In [0]:
#only necessary if shap is not installed yet:

!pip install shap

This notebook computes the SHAP values for each tree from a random forest separately. A comparison with the aggregated values shows perfect agreement

In [0]:
from sklearn import datasets 
#import pandas as pd
import numpy as np
np.random.seed(0)
#import matplotlib.pyplot as plt
import shap
from sklearn.ensemble import RandomForestRegressor

# Load the diabetes dataset
diabetes_X, diabetes_y = datasets.load_diabetes(return_X_y=True)

In [4]:
rf = RandomForestRegressor(max_depth=50, random_state=0, n_estimators=100,max_features=2)
rf.fit(diabetes_X, diabetes_y) 

RandomForestRegressor(bootstrap=True, ccp_alpha=0.0, criterion='mse',
                      max_depth=50, max_features=2, max_leaf_nodes=None,
                      max_samples=None, min_impurity_decrease=0.0,
                      min_impurity_split=None, min_samples_leaf=1,
                      min_samples_split=2, min_weight_fraction_leaf=0.0,
                      n_estimators=100, n_jobs=None, oob_score=False,
                      random_state=0, verbose=0, warm_start=False)
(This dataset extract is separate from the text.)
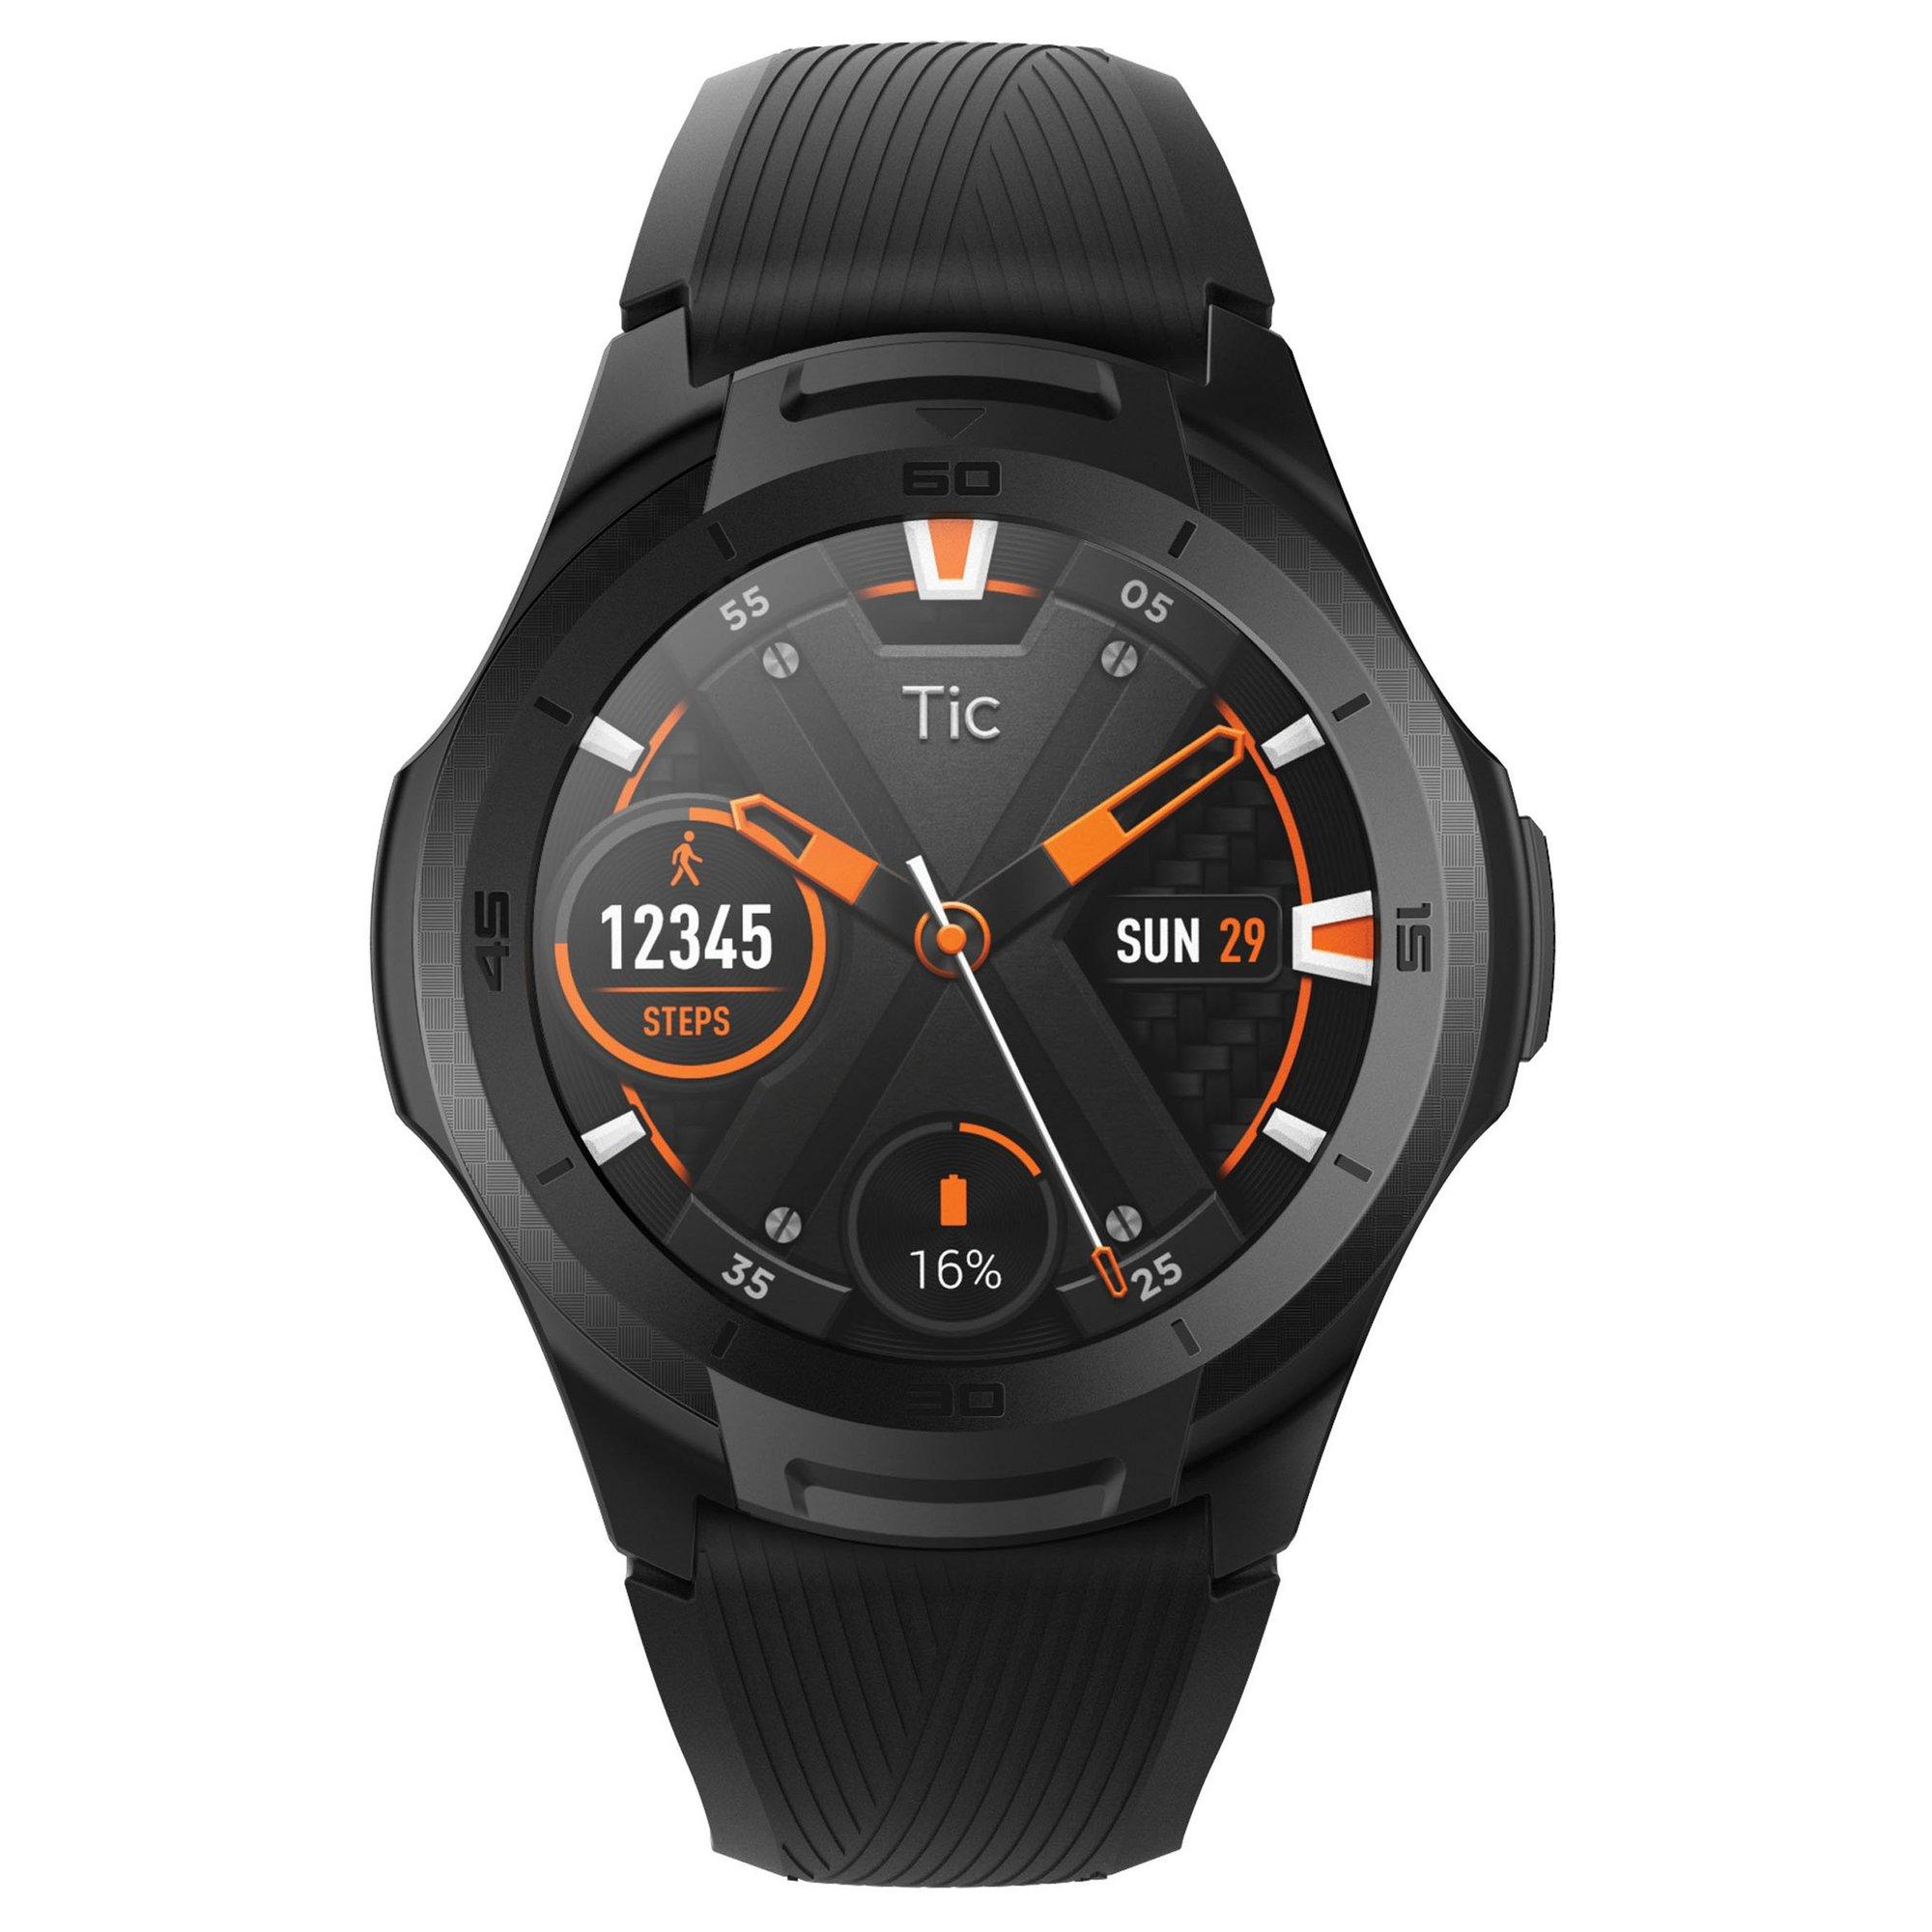 Image of Mobvoi TicWatch S2 Sport Smart Watch

Get the SHAP values for each individual tree:

In [0]:
n,p = diabetes_X.shape
k=0
shap_values_IndTrees = np.zeros((n, p, rf.n_estimators))
for tree in rf.estimators_:
  tree_preds = tree.predict(diabetes_X)
  explainer = shap.TreeExplainer(tree)
  shap_values_IndTrees[:,:,k] = explainer.shap_values(diabetes_X)
  k+=1

Get the SHAP values for the forest:

In [6]:
shap_values = shap.TreeExplainer(rf).shap_values(diabetes_X)
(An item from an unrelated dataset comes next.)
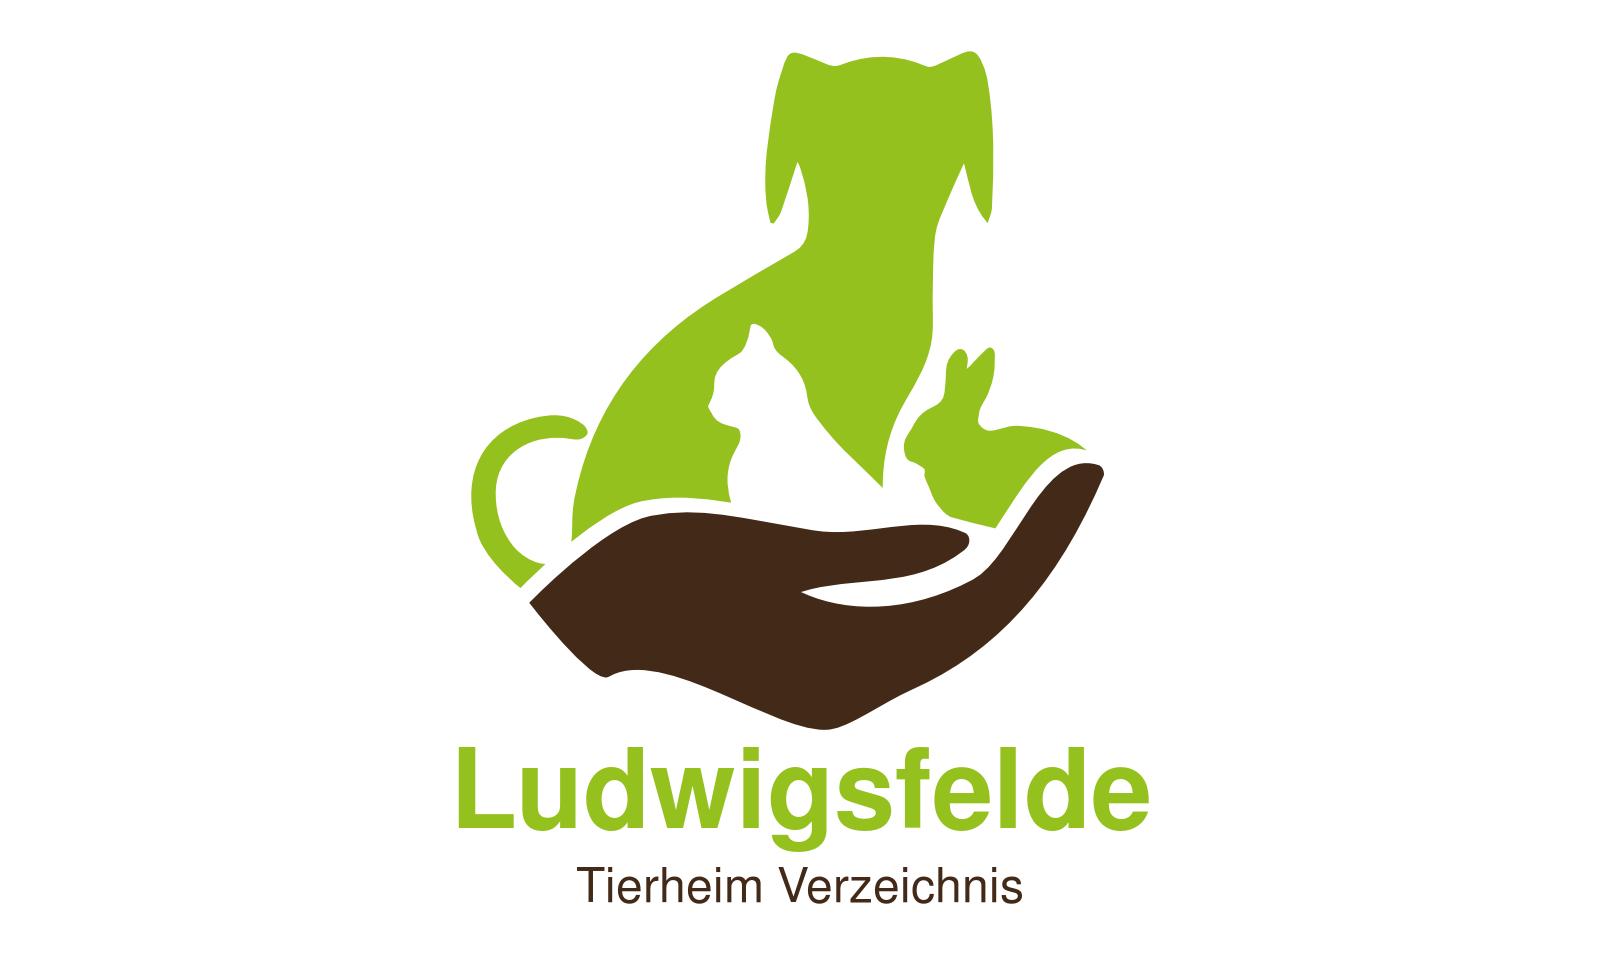 Tierheim Ludwigsfelde

Setting feature_perturbation = "tree_path_dependent" because no background data was given.


Compare

In [0]:
shap_averages = np.mean(shap_values_IndTrees, axis=2)

In [8]:
shap_averages.shape

(442, 10)

In [9]:
shap_averages[0:5,0:9]

array([[  2.44335946,  -3.00956769,  18.36632084,  -4.52236466,
         -6.68071779,  -0.09489346,   2.41334275,   2.42628273,
          9.55394142],
       [ -4.72060762,   2.63365264, -15.83532914,  -4.47230068,
         -2.49039149,  -2.38146477, -11.47550156,  -6.49119954,
        -20.93121356],
       [  3.47316568,  -3.15843022,  16.64062786, -11.95558607,
         -5.64077853,   0.4712413 ,   7.07770315,   3.18009745,
         -0.56640426],
       [  3.12227647,   5.00219994,  -7.25117706,  -4.69872581,
          4.55956987,   4.53644078,   8.28755635,  10.30790057,
         21.48217336],
       [ -2.49409811,   5.21729804, -20.13254819,   3.97585958,
          1.91013783,  -0.09446261,  -0.1879328 ,   3.60192769,
        -12.58971653]])

In [10]:
np.mean(np.abs(shap_values-shap_averages))

2.5155671365092662e-14

In [11]:
shap_values[0:5,0:9]

array([[  2.44335946,  -3.00956769,  18.36632084,  -4.52236466,
         -6.68071779,  -0.09489346,   2.41334275,   2.42628273,
          9.55394142],
       [ -4.72060762,   2.63365264, -15.83532914,  -4.47230068,
         -2.49039149,  -2.38146477, -11.47550156,  -6.49119954,
        -20.93121356],
       [  3.47316568,  -3.15843022,  16.64062786, -11.95558607,
         -5.64077853,   0.4712413 ,   7.07770315,   3.18009745,
         -0.56640426],
       [  3.12227647,   5.00219994,  -7.25117706,  -4.69872581,
          4.55956987,   4.53644078,   8.28755635,  10.30790057,
         21.48217336],
       [ -2.49409811,   5.21729804, -20.13254819,   3.97585958,
          1.91013783,  -0.09446261,  -0.1879328 ,   3.60192769,
        -12.58971653]])

The following observation is puzzling: if I explicitly call `tree.predict()`, the `shap.TreeExplainer(tree)` prints its message "*Setting feature_perturbation ...*" for each iteration in the for loop, which "proves" to me that it is being executed each time. But not when the `tree.predict()` is commented out. In that case, the message is printed only once, and I am worried that `shap.TreeExplainer(tree)` is not really executed every time?

In [14]:
for tree in rf.estimators_:
  #tree_preds = tree.predict(diabetes_X)
  explainer = shap.TreeExplainer(tree)

Setting feature_perturbation = "tree_path_dependent" because no background data was given.